Human error has always been a part of officiating. I can’t recite every perfect game in MLB history, but I sure as heck can recount the blunder by first-base umpire Don Joyce that robbed Armando Galarraga of perfection in 2010.

That said, I’m fully in favor of eliminating mistakes by the rules keepers. It would be wonderful if we never saw another called strike just outside the zone, or another foul on which James Harden wasn’t actually touched, or another flag for pass interference when receiver and cornerback were being equally grabby.

Unless it steals from my entertainment. In which case, I’ll happily take the botched call.

We watch sports for a lot of reasons. We admire the physical superiority and beauty of our athletes, and applaud their fathomless efforts. We want to associate with winners. All of those factors point to replay reviews. They make us want to get things right.

But there’s another reason we love athletic competition. In fact, it’s the deepest reason of all. It’s the drama.

There is nothing in the other areas of our humdrum lives to simulate bases loaded in the bottom of the ninth inning, or a sudden-death playoff at The Masters. These events might occur 2,000 miles away. They might involve 19-year-olds. And yet they make our hearts pound like a half-hour on the Stairmaster.

And there is one surefire way to thwart this drama - by stopping play so that officials can stare at a video monitor for a couple minutes, or wait for an advisor in New York to make his decree.

Remember that big Patriots-?Steelers showdown on Dec. 17? It was as good as advertised, right up until the time Pittsburgh tight end Jesse James caught a short pass from Ben Roethlisberger and dove to the goal line with 28 seconds left. Officials signaled the go-ahead touchdown. Then came the review.
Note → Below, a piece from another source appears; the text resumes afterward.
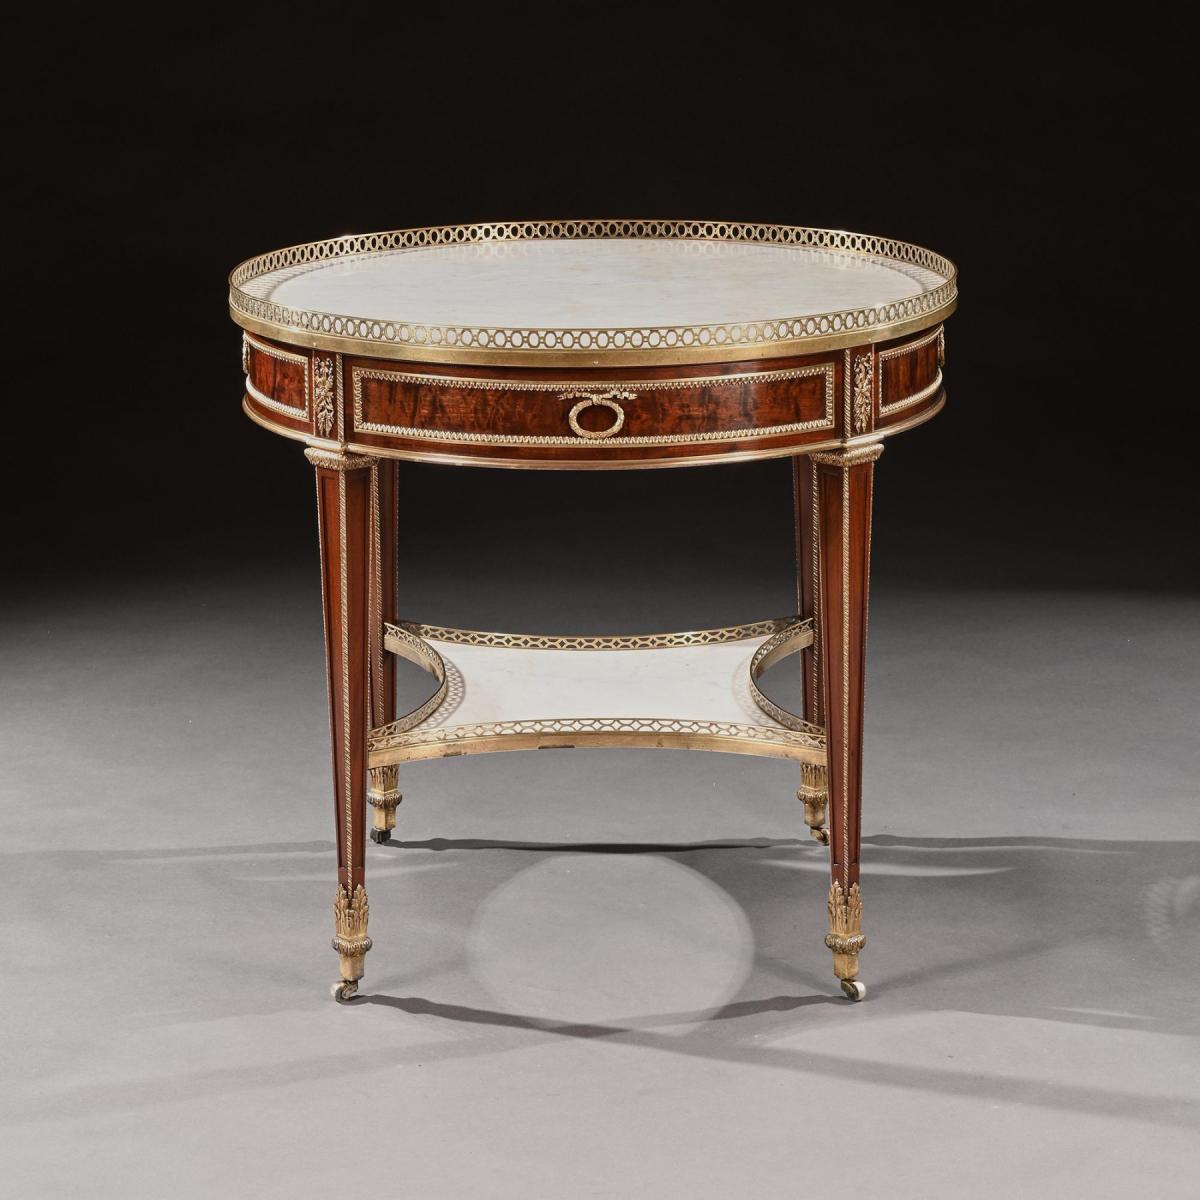 Gervais Durand 19th Century Mahogany and Gilt Bronze Gueridon Bouillotte Table
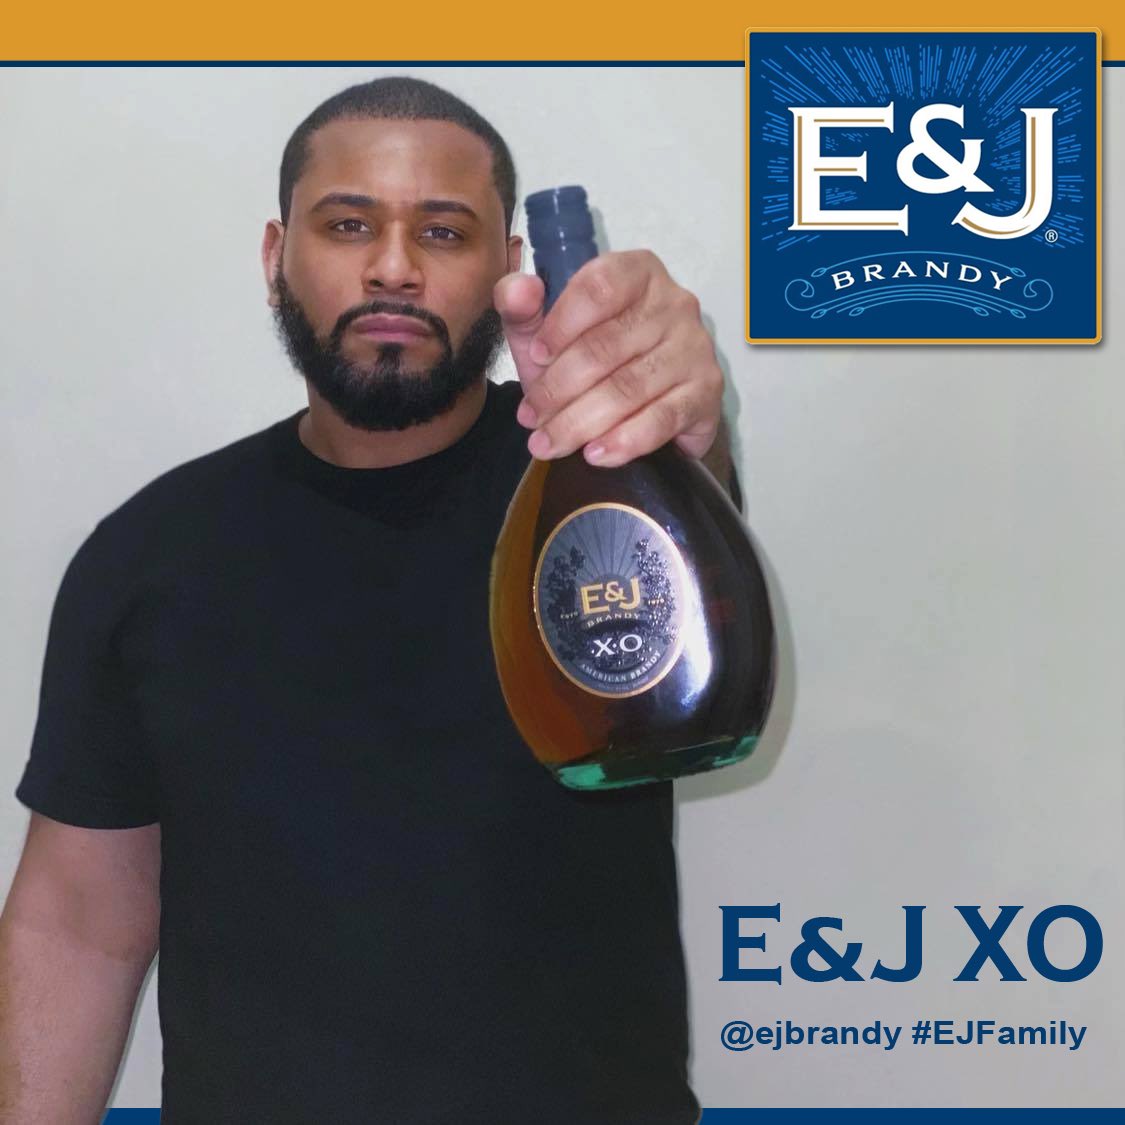 #HappyFriday to all. I want to give a shout-out to my #EJFamily. Next month I will be featured on their 'E&J Spotlight' via @Instagram. Follow them for more updates. #EJRemastered #EJSpotlight #EJXO

This was the crucial play in the crucial game of the season in the AFC, and the intensity dissipated like a leaky balloon while the striped ones figured out whether James had secured the ball before he broke the plane. Football fans are still debating whether it was a catch, but it wasn’t the ruling that ruined this moment. It was the unplanned, buzz-killing intermission.

It was as if we got to the scene in Star Wars where Luke was zooming down that narrow trench in his X-wing, taking aim at the Death Star’s soft spot, when suddenly the image froze so that a couple of astrophysicists could debate whether the hero really would have outrun those TIE fighters.

Please, spare us the debate and cut to the explosion.

Our holiday experience would not have been enhanced had Stafford’s officiating crew taken time to review Durant-vs.-LeBron. They might have gotten the call right, but the rupture of our rapture would have been all wrong.

Their present to us was a no-call and the continuation of play. That’s sports. And that’s entertainment.